We don’t know much about the Magi. Matthew’s gospel is the only one which tells their story. Tradition names them Melchior, Caspar, and Balthazar, all scholars from the east. Some contemporary scholars think they were Zoroastrian priests and astrologers. What we know with certainty is that the Magi were not Jewish.

The appearance of the Magi is jarring in the story of Jesus’ coming. During Advent, we participated in the longing and waiting of the nation Israel for the Messiah, the one who would redeem God’s people. And our first reading this Sunday reminds us that our longing has been fulfilled: “Rise up in splendor, Jerusalem! Your light has come, the glory of the Lord shines upon you.” But the appearance of the Magi reveals that this Messiah comes not only for God’s people . . . or rather, that God’s people is no longer limited to the Jews. Jew and Gentile find the fulfillment of their expectations and longings in this tiny baby.

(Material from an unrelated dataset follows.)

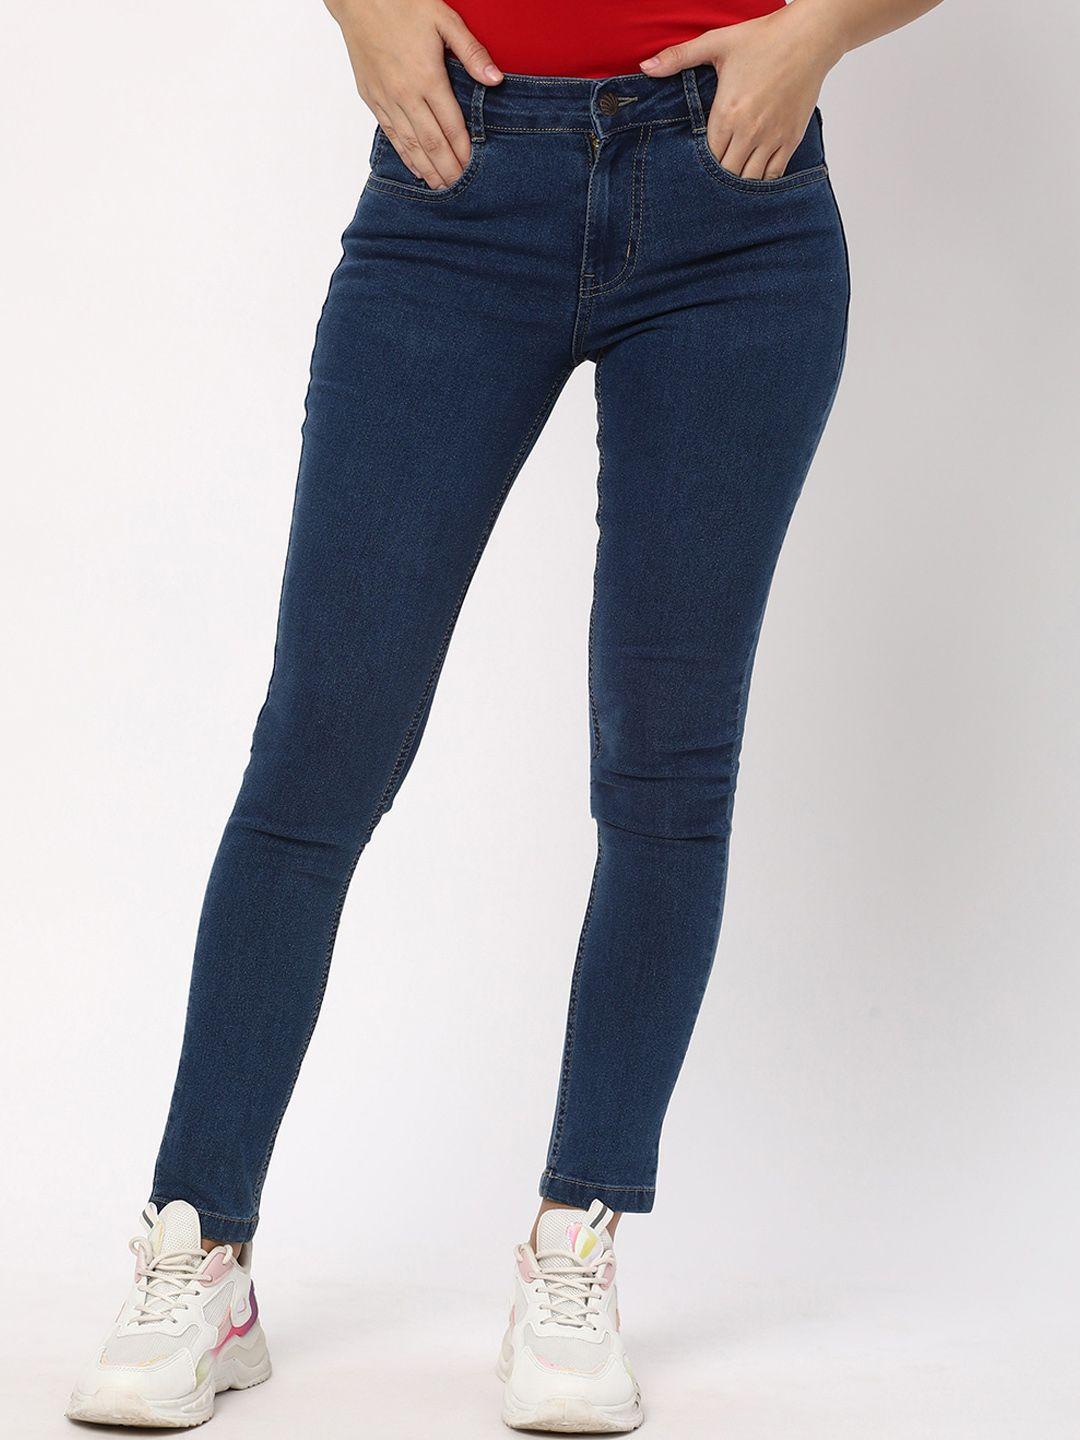 r&b women blue skinny fit jeans

There are many moral lessons to be learned from our solemnity this Sunday, but the one that strikes me as Christmas comes to an end is the lesson of inclusion. How Mary must have marveled that these pagans would come to adore her son. How hard it must have been for the Jews to recognize the Gentiles as their brothers and sisters in Christ. They were God’s people. For centuries they had worshipped the true God while the nations turned to idols. How it must have stung to hear in the Letter to the Ephesians that “the Gentiles are coheirs, members of the same body, and copartners in the promise in Christ Jesus through the gospel.”

All of us love to draw lines. The reading from Ephesians reveals that the neatest line that could be drawn–that between Jew and Gentile–was no longer a line to be drawn in Christ. All of the sudden, Jews and Gentiles were at the same table, drinking of the same cup, eating of the same loaf, and worshipping the same Lord. But we today also like to draw lines. We talk a lot on this blog about the line between liberal and conservative or the piety/social justice line. But there are other lines that divide and exclude: the line between us reading this blog and the poor who are scraping out a living, who might be working too many part time jobs this Sunday to make it to mass; the line between the intellectually sophisticated and the theologically naive; the line between those who are “good” Christians and Catholics and those who aren’t really Christian and Catholic at all.

Epiphany is a reminder that Jesus come to remove the line and reconcile those who were once opposed. Epiphany is a reminder that in Jesus, salvation is open to all. Epiphany is about inclusion. And on this great feast, we are humbly called to remember that God often chooses those on the other side of the line to manifest His Son.